Hatano Yutaka, Morita Tatsuya, Mori Masanori, Maeda Isseki, Oyamada Shunsuke, Naito Akemi Shirado, Oya Kiyofumi, Sakashita Akihiro, Ito Satoko, Hiratsuka Yusuke, Tsuneto Satoru

机构信息

Department of Palliative Care, Daini Kyoritsu Hospital, Kawanishi, Japan.

Palliative and Supportive Care Division, Seirei Mikatahara General Hospital, Hamamatsu, Japan.

出版信息

Palliat Support Care. 2021 Dec;19(6):646-655. doi: 10.1017/S1478951521000080.

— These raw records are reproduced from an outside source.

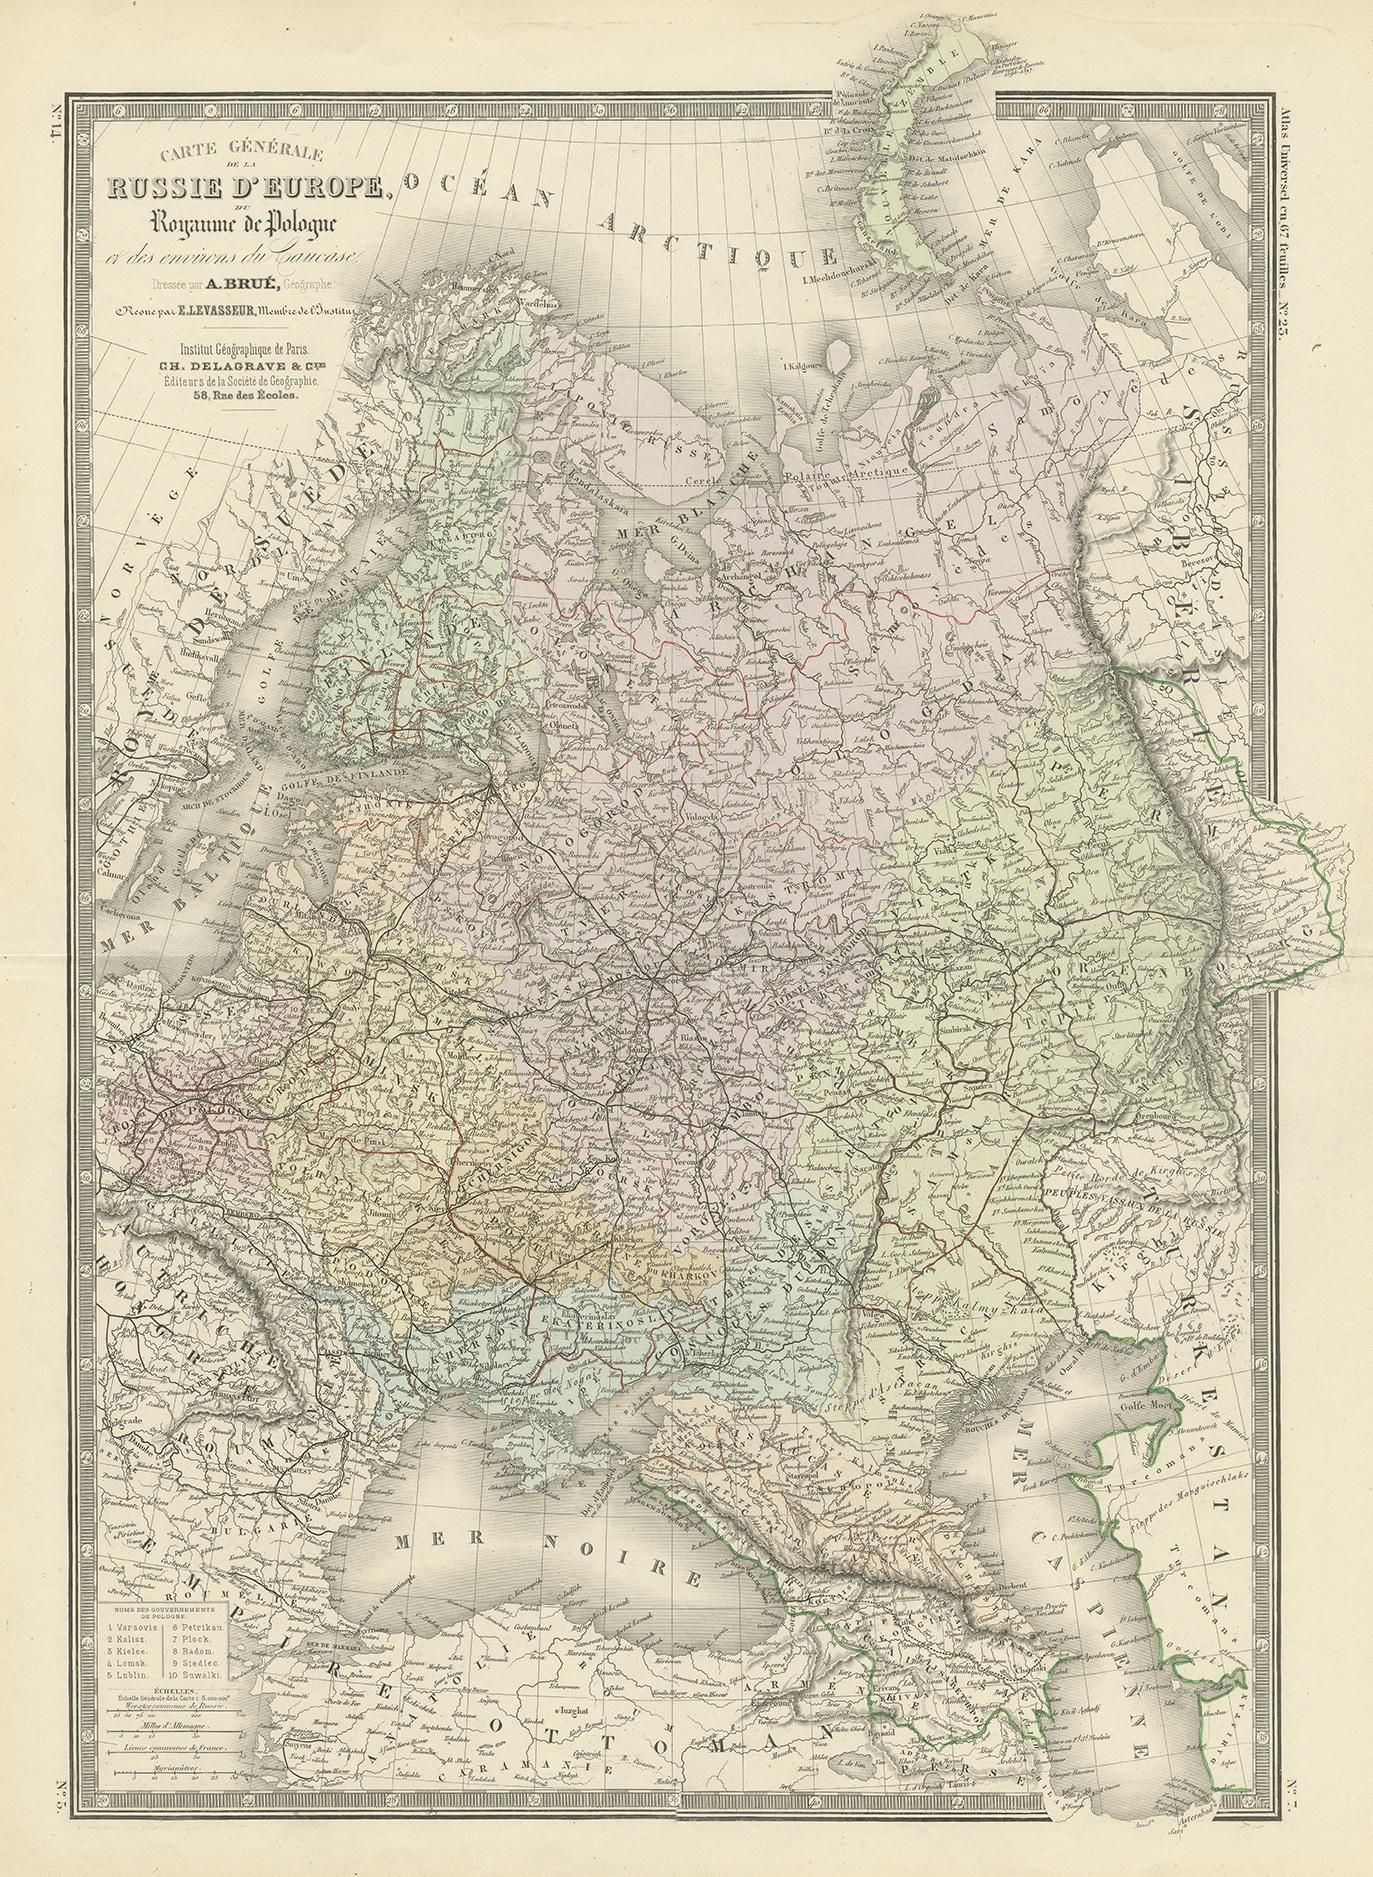 Antique map titled 'Carte générale de la Russie d'Europe (..)'. Large map of Russia in Europe. This map originates from 'Atlas de Géographie Moderne Physique et Politique' by A. Levasseur. Published 1875.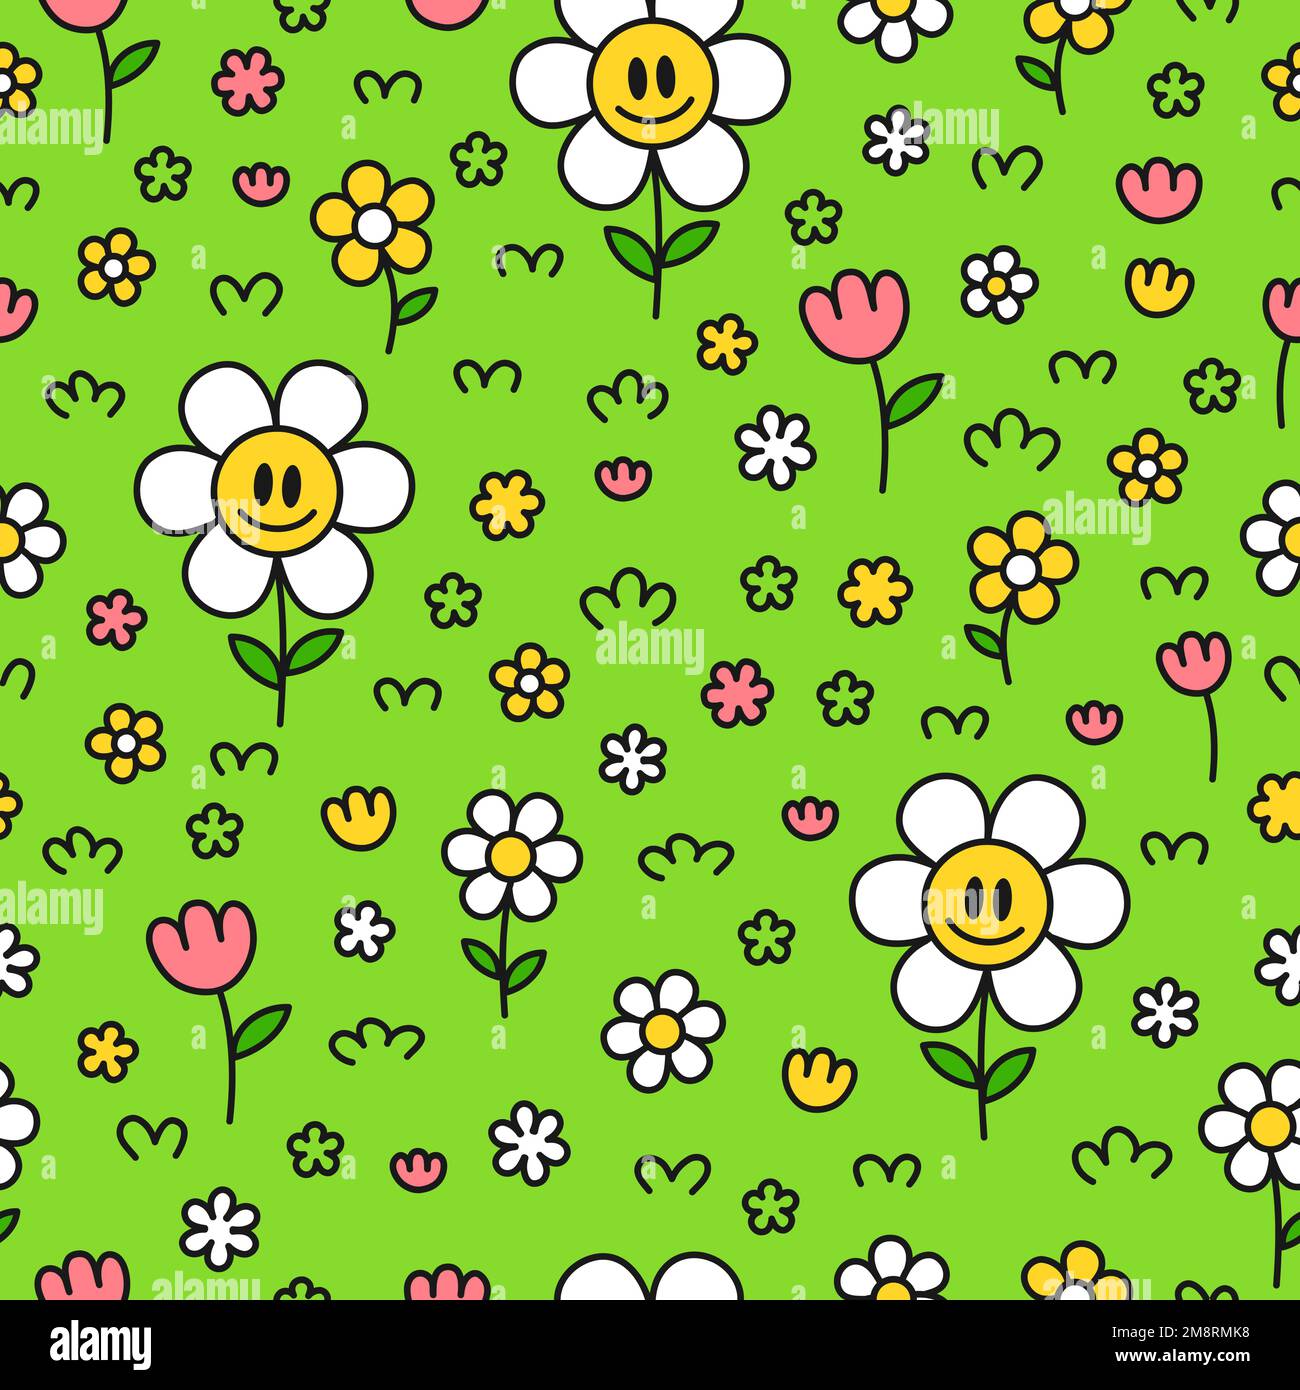 Flores divertidas lindas de la cara de la sonrisa kawaii sobre fondo verde  arte de patrón sin fisuras. Vector ilustración de personaje kawaii de  dibujos animados  sonrisa vintage cara flor de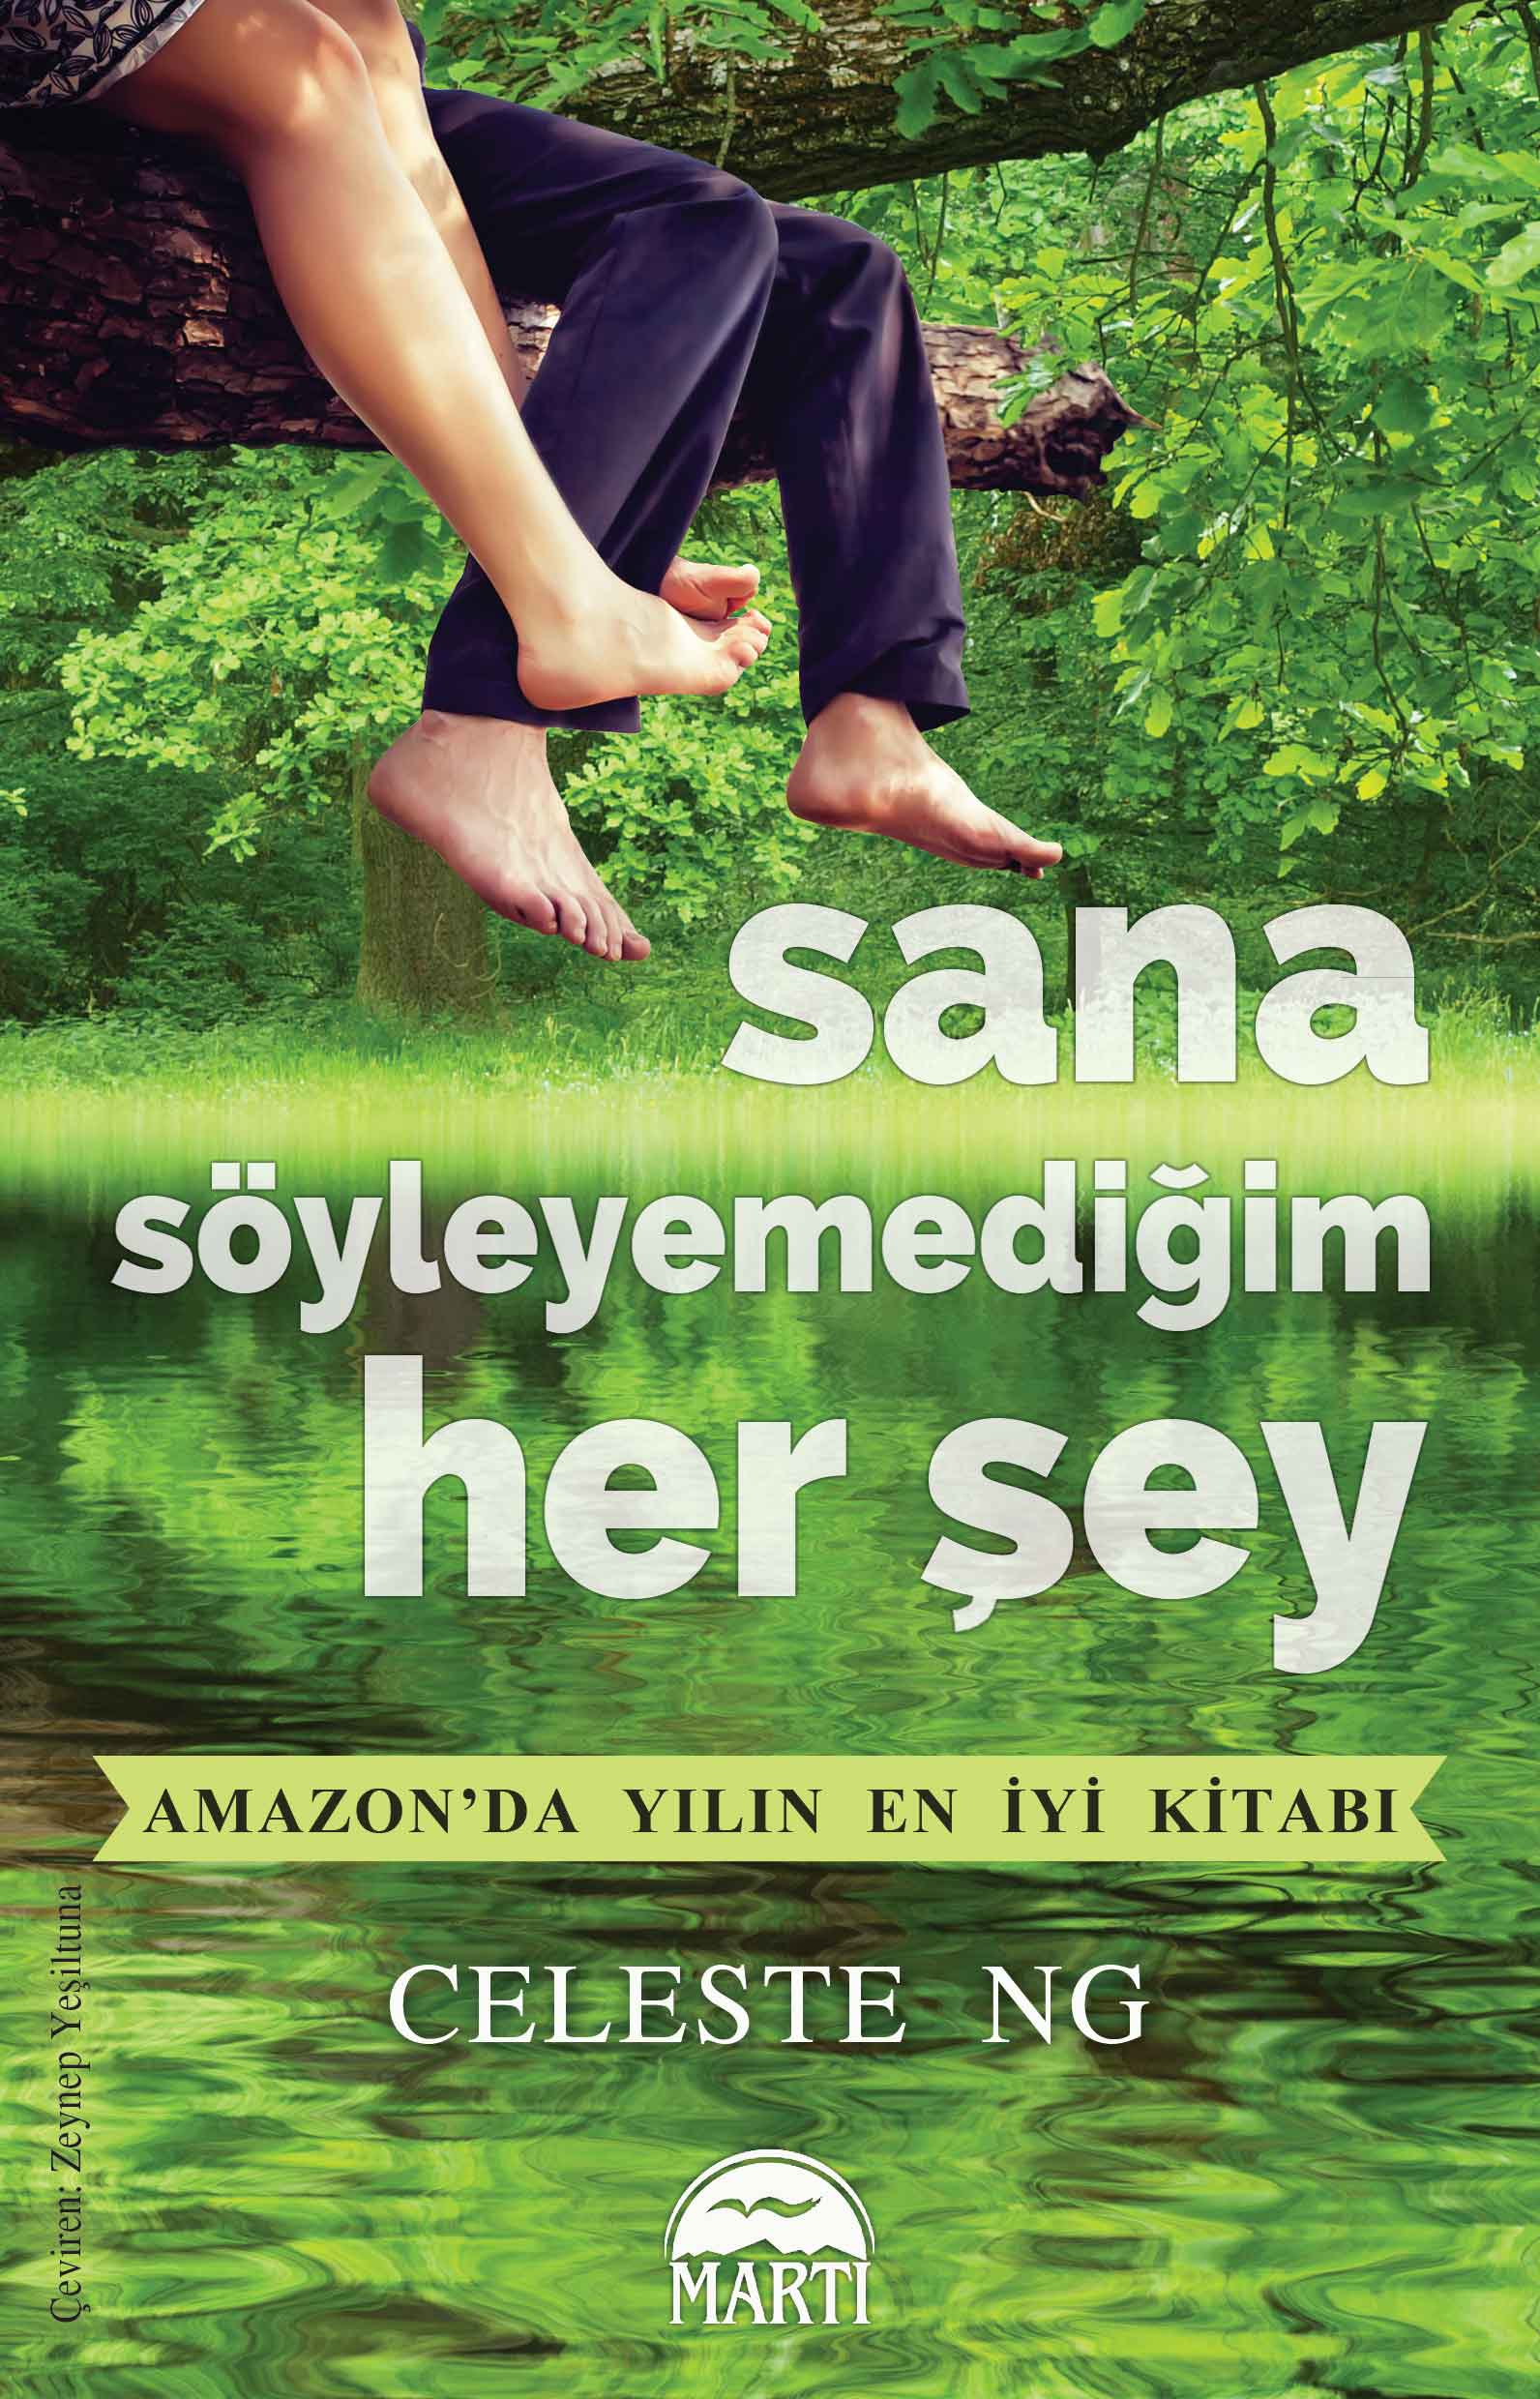 Sana söyleyemediğim her şey (Turkish)

DOI:10.1017/S1478951521000080
PMID:33641697
Abstract

OBJECTIVES

The present study aims were (1) to identify the proportion of terminally ill cancer patients with desire for hastened death (DHD) receiving specialized palliative care, (2) to identify the reasons for DHD, and (3) to classify patients with DHD into some interpretable subgroups.

METHODS

Advanced cancer patients admitted to 23 inpatients hospices/palliative care units in 2017 were enrolled. Data were prospectively obtained by the primarily responsible physicians. The presence/absence of DHD and reasons for DHD were recorded. A cluster analysis was performed to identify patterns of subgroups in patients with DHD.

RESULTS

Data from 971 patients, whose Richmond Agitation-Sedation Scale score at admission was zero and who died in palliative care units, were analyzed. The average age was 72 years, common primary cancer sites were the gastrointestinal tract (31%) and the liver/biliary ducts/pancreas (19%). A total of 174 patients (18%: 95% confidence interval, 16-20) expressed DHD. Common reasons for DHD were dependency (45%), burden to others (28%), meaninglessness (24%), and inability to engage in pleasant activities (24%). We identified five clusters of patients with DHD: cluster 1 (35%, 61/173): "physical distress," cluster 2 (21%, 37/173): "dependent and burdensome," cluster 3 (19%, 33/173): "hopelessness," cluster 4 (17%, 30/173): "profound fatigue," and cluster 5 (7%, 12/173): "extensive existential suffering."

CONCLUSIONS

A considerable number of patients expressed DHD and could be categorized into five subgroups. These findings may contribute to the development of therapeutic strategies.

摘要

目的

本研究旨在(1)确定接受专科姑息治疗的晚期癌症患者中渴望加速死亡(DHD)的比例,(2)确定DHD的原因,以及(3)将有DHD的患者分类为一些可解释的亚组。

方法

纳入2017年入住23家住院临终关怀/姑息治疗单位的晚期癌症患者。由主要负责医生前瞻性收集数据。记录是否存在DHD以及DHD的原因。进行聚类分析以确定有DHD患者的亚组模式。

结果

分析了971例患者的数据,这些患者入院时里士满躁动镇静量表评分为零且在姑息治疗单位死亡。平均年龄为72岁,常见的原发癌部位是胃肠道(31%)和肝/胆管/胰腺(19%)。共有174例患者(18%:95%置信区间,16 - 20)表示有DHD。DHD的常见原因是依赖(45%)、给他人造成负担(28%)、无意义感(24%)以及无法参与愉快活动(24%)。我们确定了有DHD患者的五个聚类:聚类1(35%,61/173):“身体痛苦”,聚类2(21%,37/173):“依赖且负担重”,聚类3(19%,33/173):“绝望”,聚类4(17%,30/173):“极度疲劳”,聚类5(7%,12/173):“广泛的生存痛苦”。

结论

相当数量的患者表示有DHD,且可分为五个亚组。这些发现可能有助于制定治疗策略。